I agree that Hellers seasoning is really good. I have used that for alot of my sticks. I have also bought High Mountain seasoning and used that. I usually add a few more ingredients into each seasoning to get the full effect I am looking for.


----------



## MossyMO

stoeger,

I see you are from Minot - where can I buy these spices. I have been very happy with the Hellers but I am always willing to try something new.

Mossymo


----------



## stoeger

MossyMO

I have bought High Mountain at Valley or Miracle Mart. If you look next time your in a grocery store by the meat section you should see them. My brother in West Fargo has bought them down there also.


----------



## clarkend

Tsodak

Sorry a little late on the reply but should be in time for this year!!
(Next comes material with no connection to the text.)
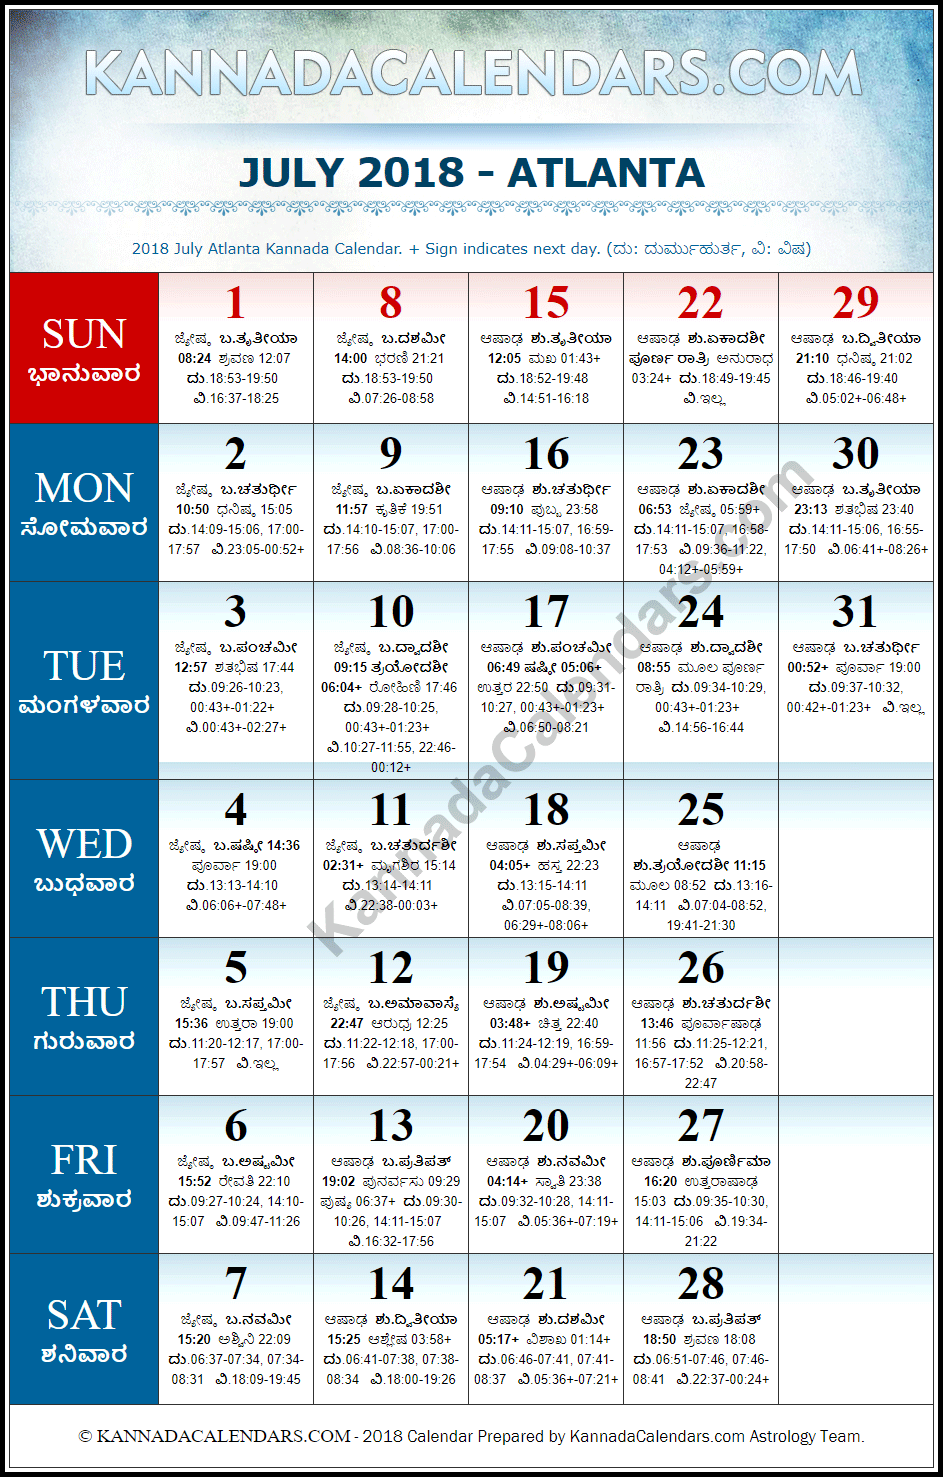 July 2018 Kannada Calendar for Atlanta, USA

This recipe is for 50 lbs of meat (30 deer, 20 pork)....for smaller batches I just prorate!

14oz Salt
2oz Black pepper
2oz Ground Red Pepper
4oz Whole Mustard Seed
2oz Cure (Prague Powder)
3 to 4 toes of garlic (finely chopped or pressed)

You will need to add some water to get the right texture for stuffing....I usually add the garlic and spices (except salt) to the water to get better distribution of flavor.

I use the same recipe minus the red pepper for my other deer sausage!

Smoke and enjoy!

Clarkie


----------



## Remmi_&amp;_I

Was that an advertisement from Lion?? Who knows exactly which stores in specific towns the seasonings are in?

I may try them anyways!


----------